** Opening Supplied information block **

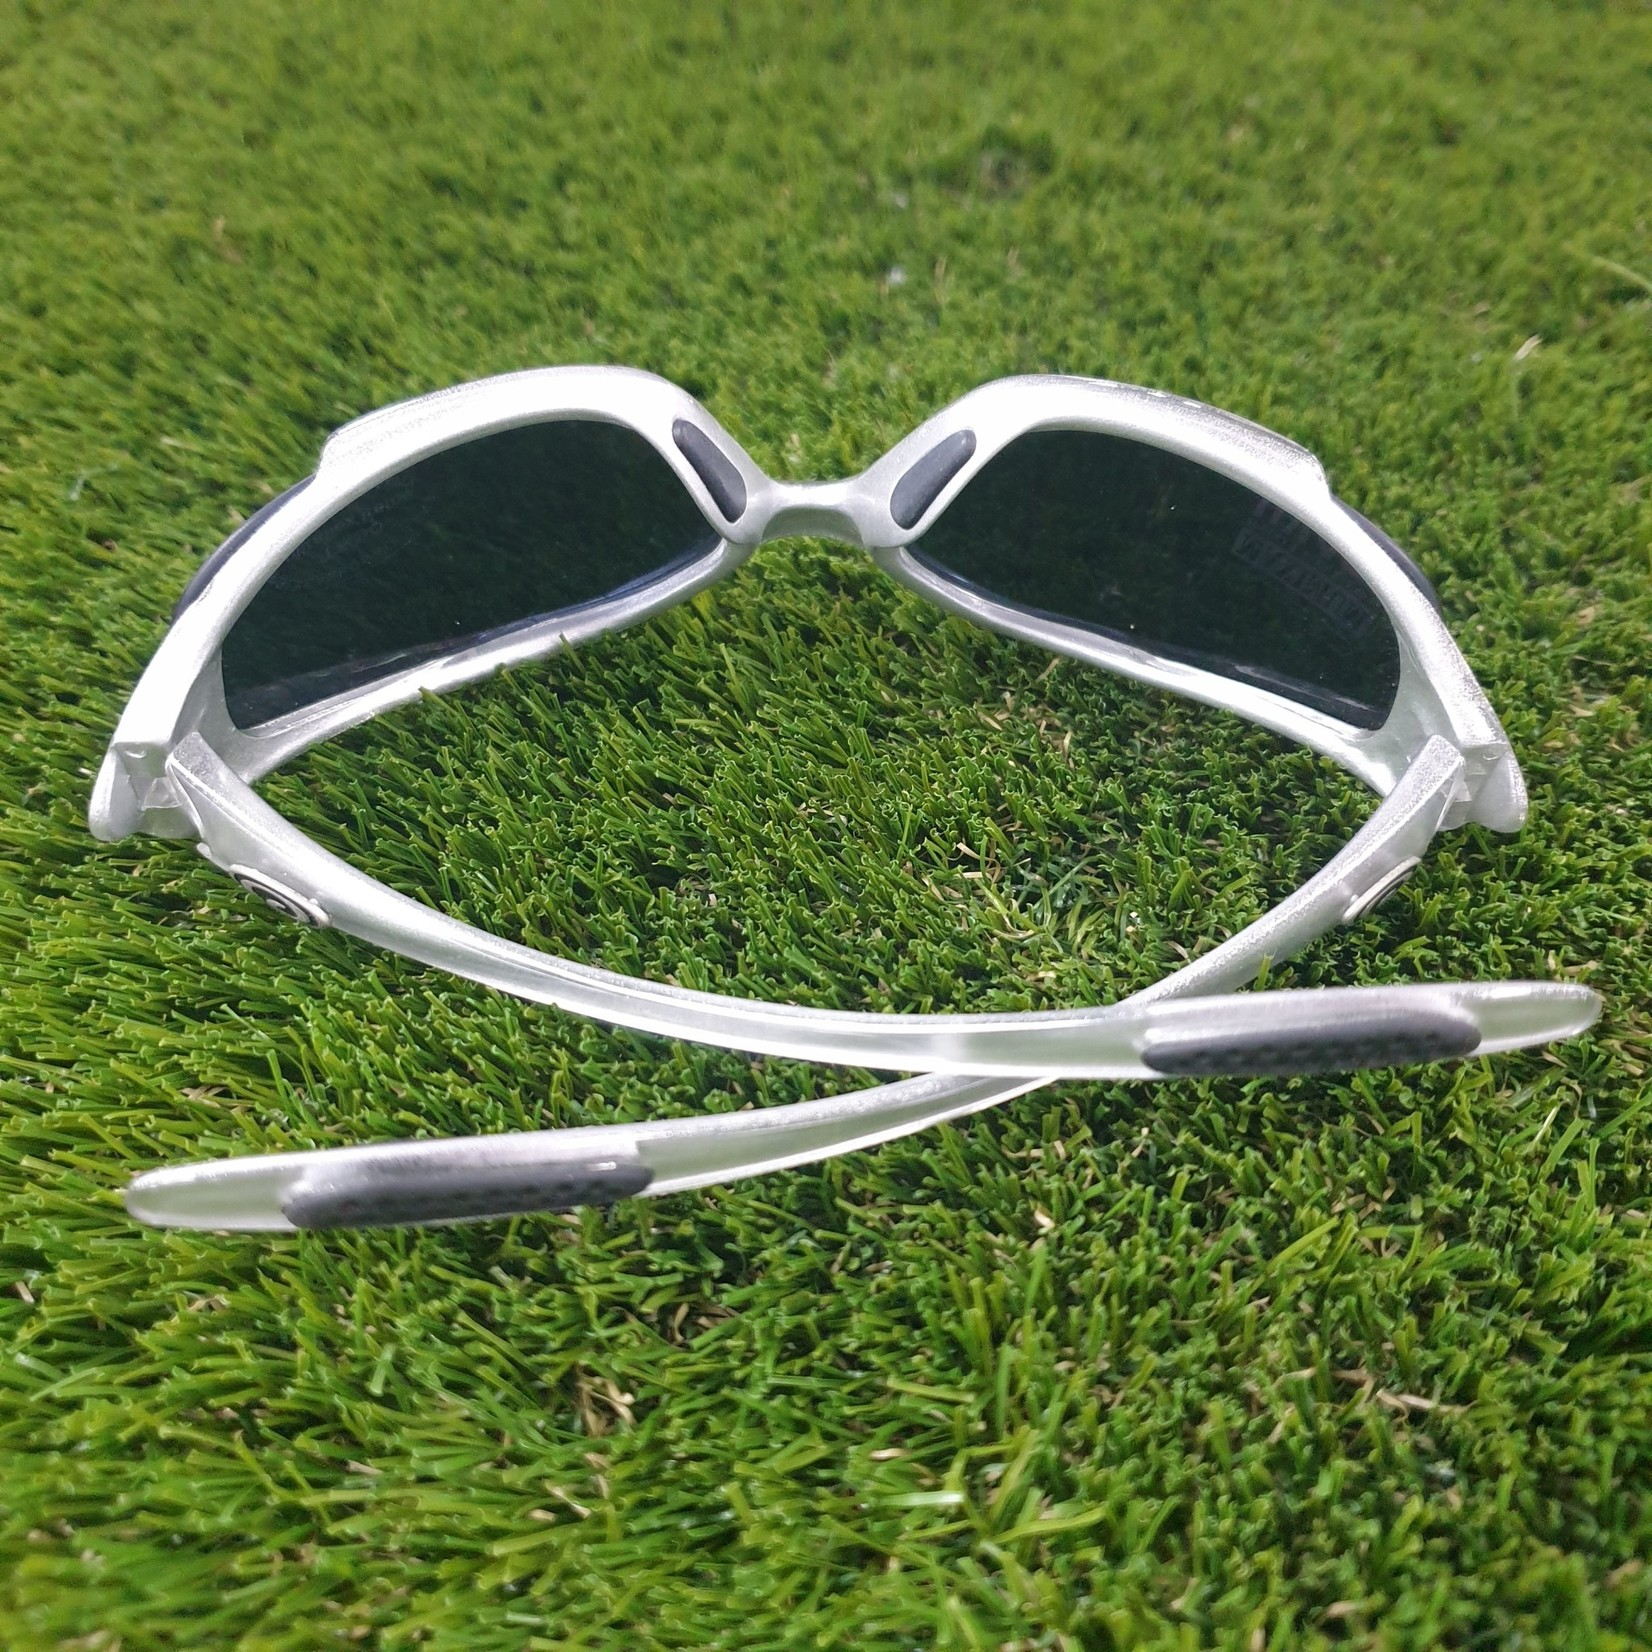 Ocean Sunglasses 36-17 UV 400 Silver
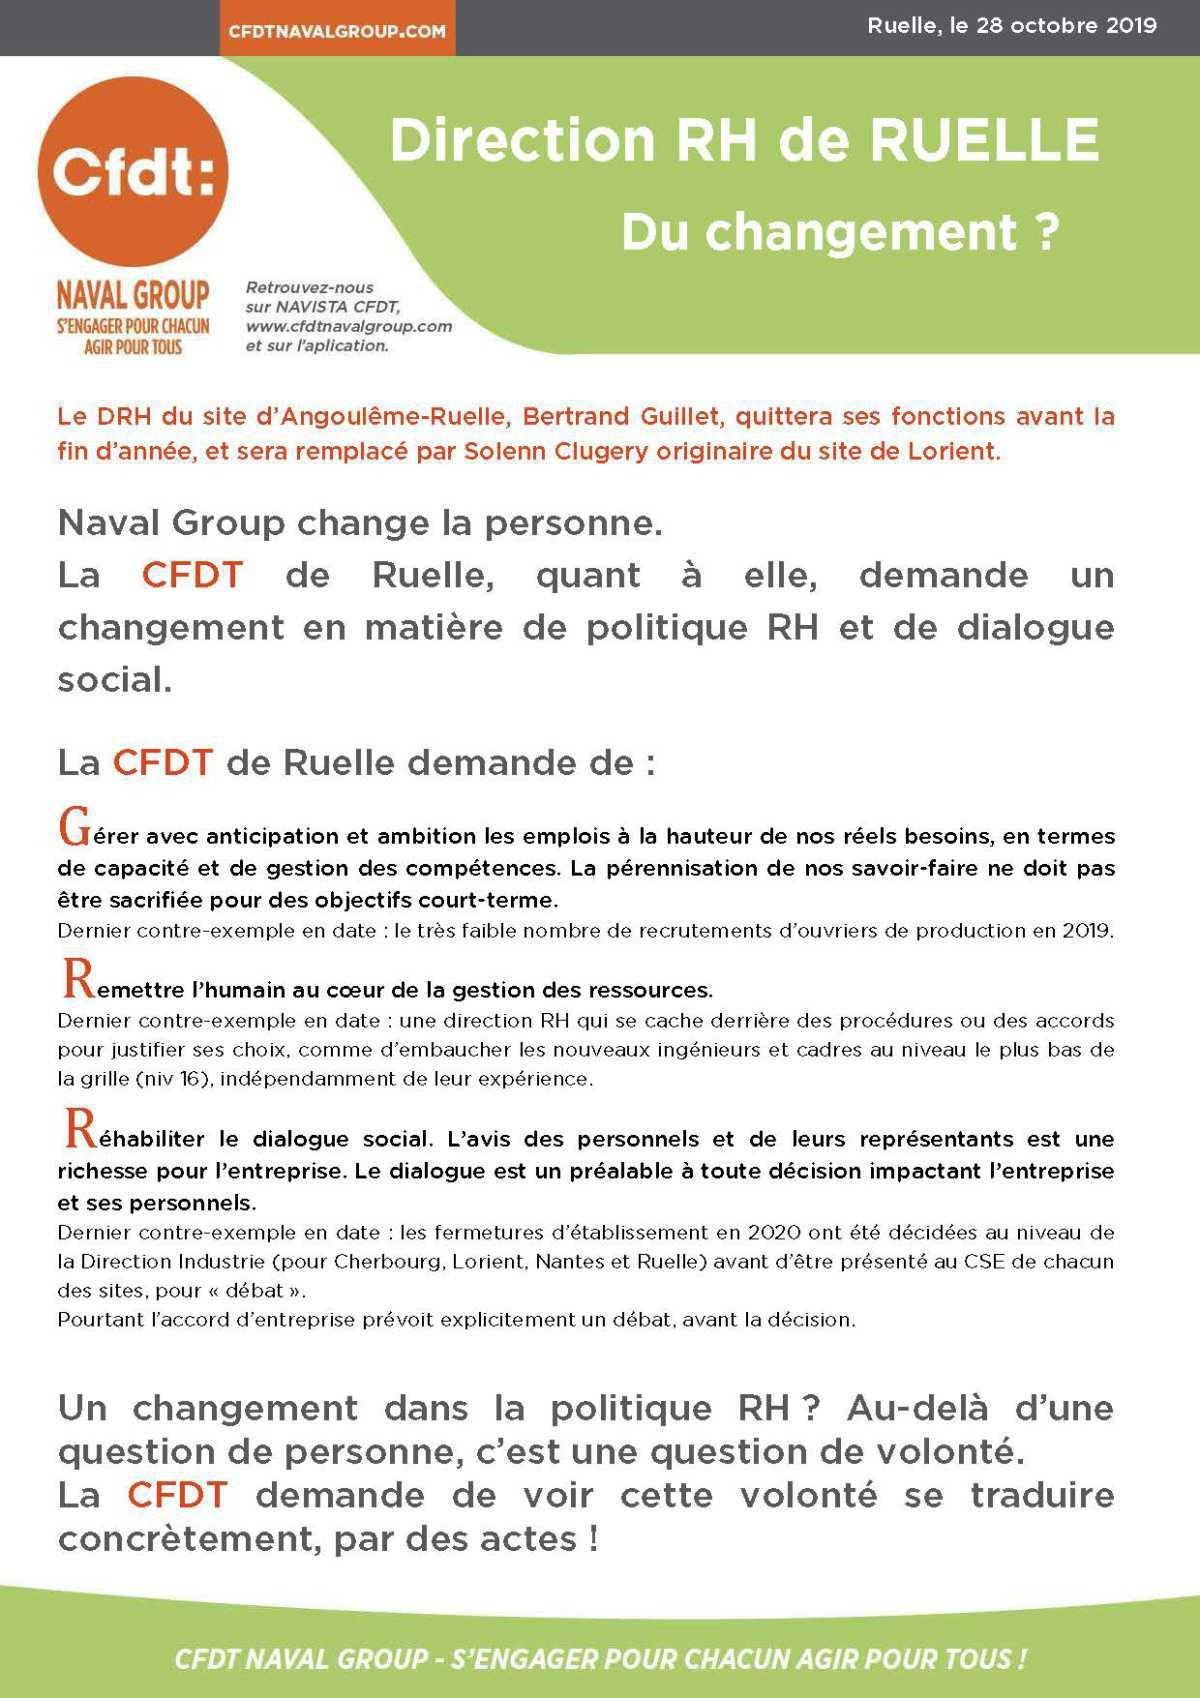 Direction RH de Ruelle
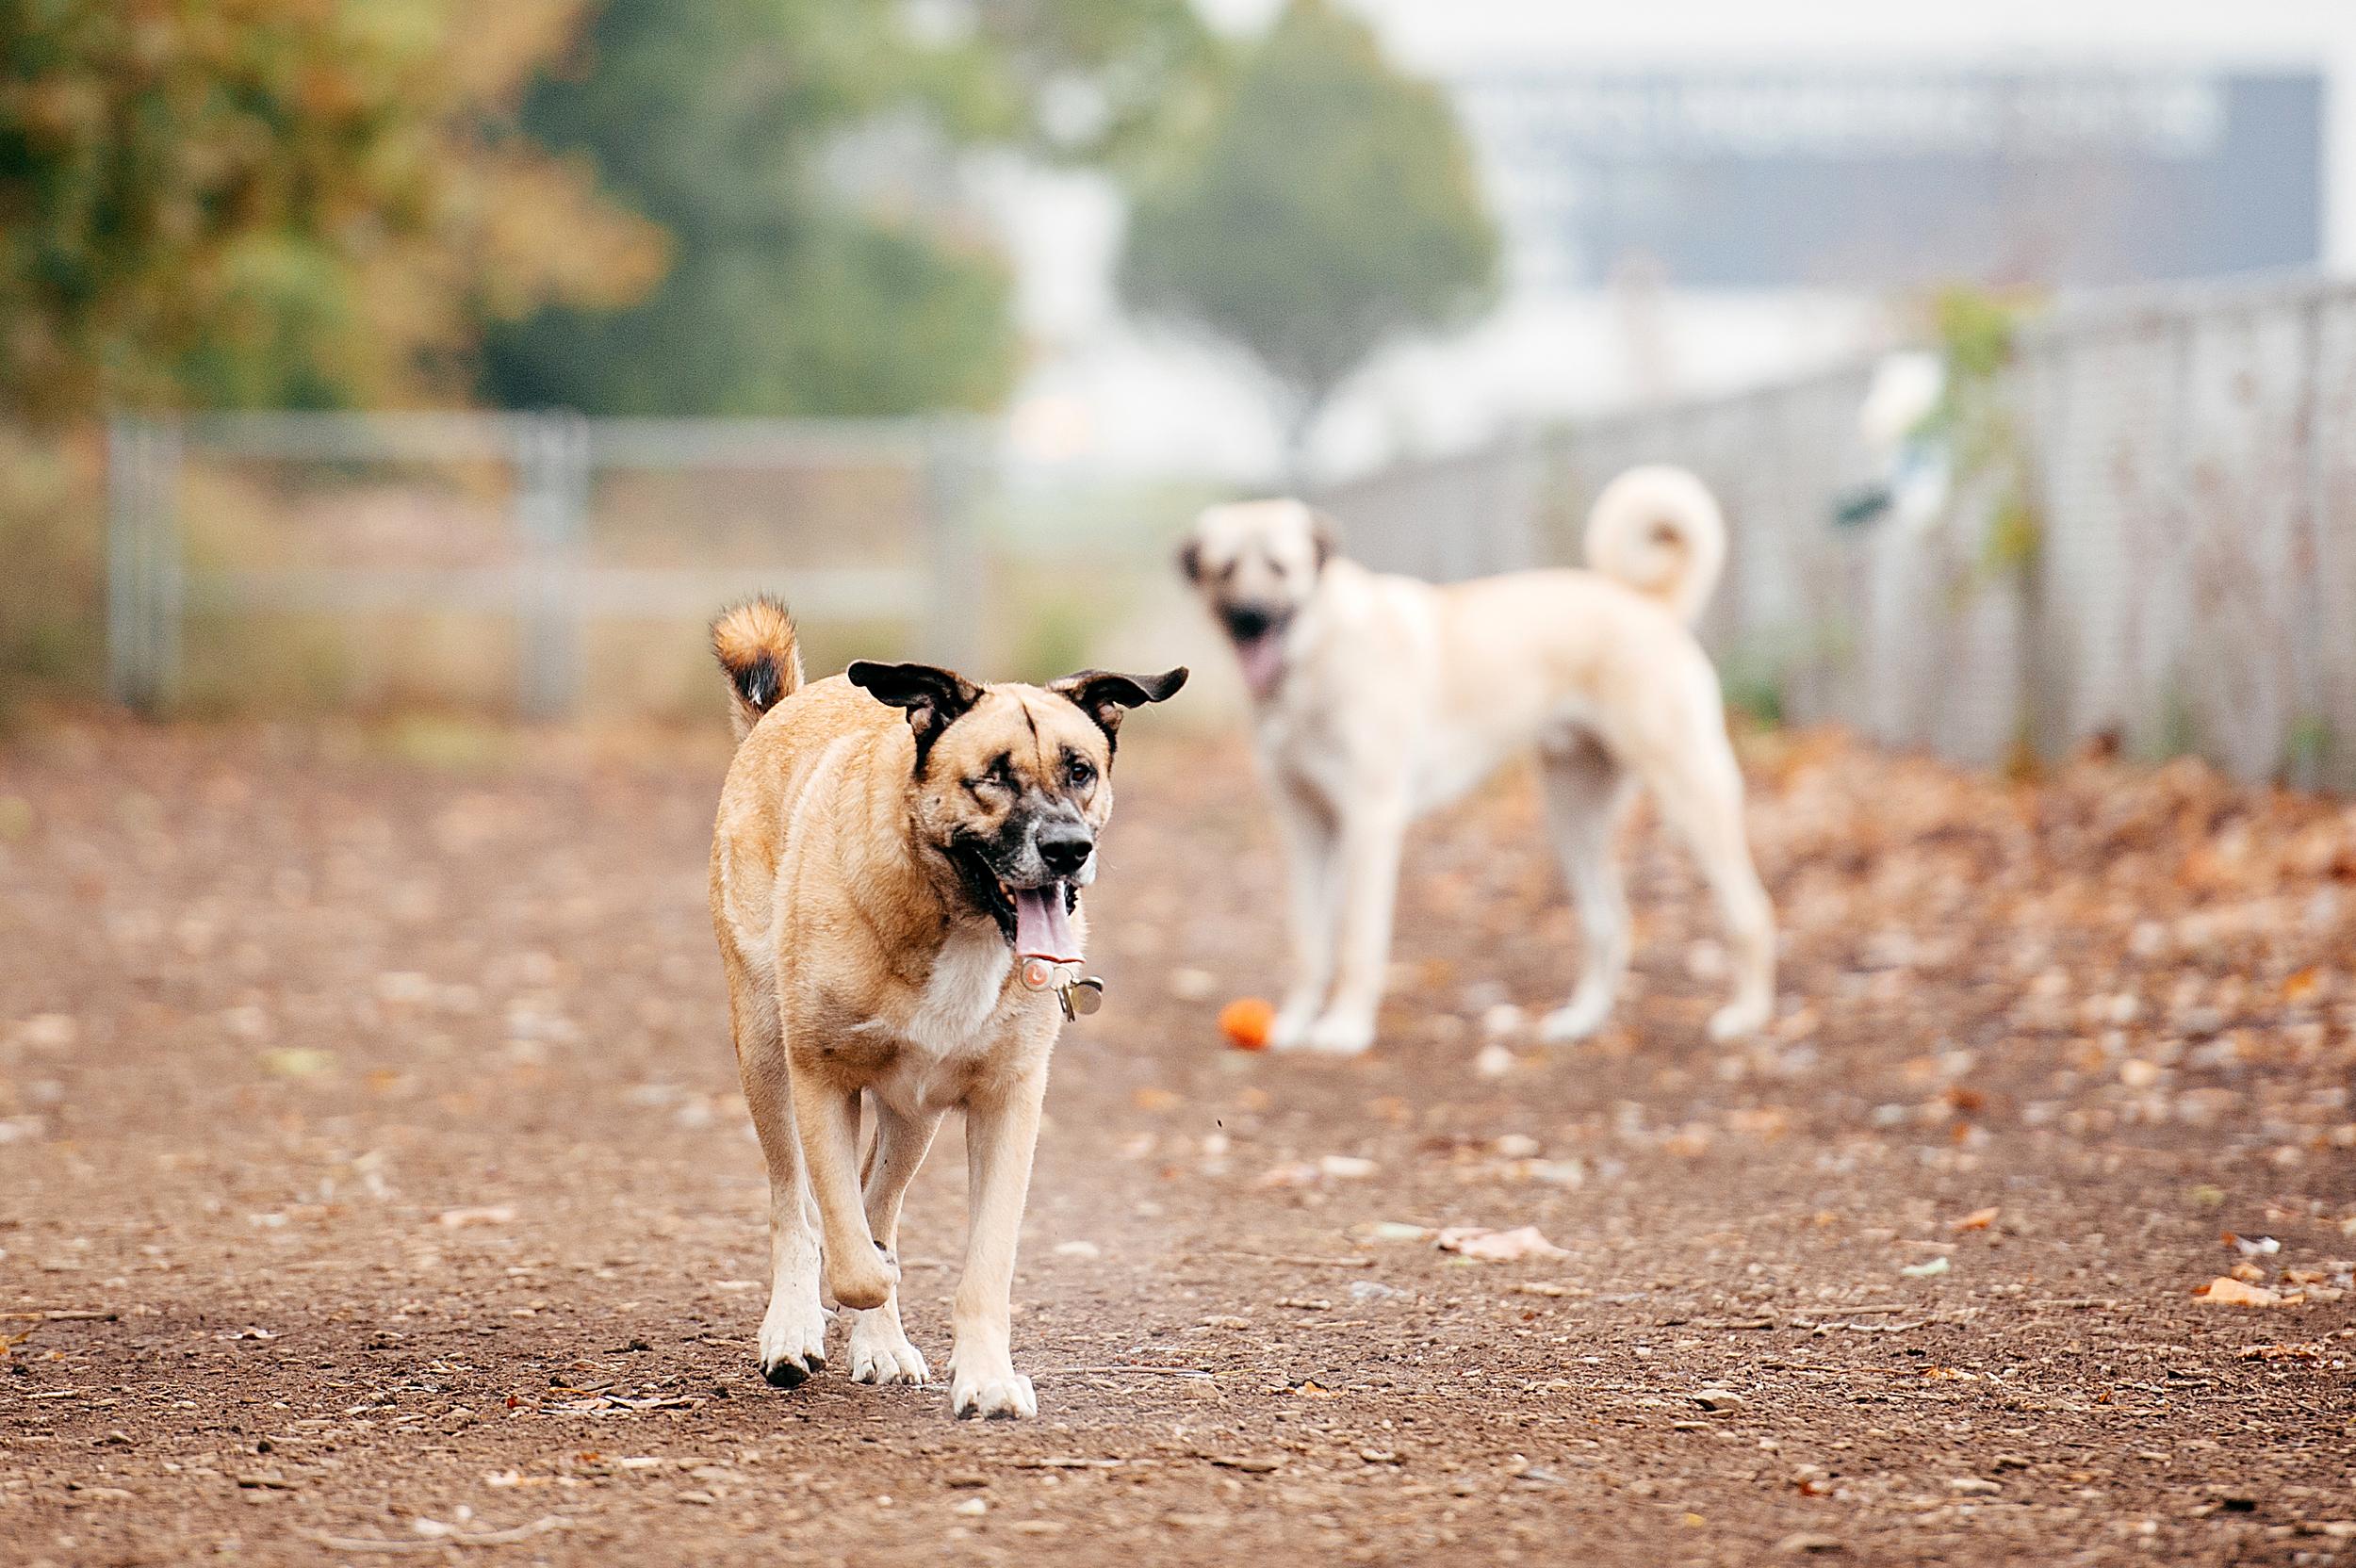 bernard-dog-run-pittsburgh-walsh01.jpg

** Closing Supplied information block **

* **Exercise details**
The expected output is the full data above, reproduced exactly with no images.

* **Response**
 Ocean Sunglasses 36-17 UV 400 Silver
 Direction RH de Ruelle
 bernard-dog-run-pittsburgh-walsh01.jpg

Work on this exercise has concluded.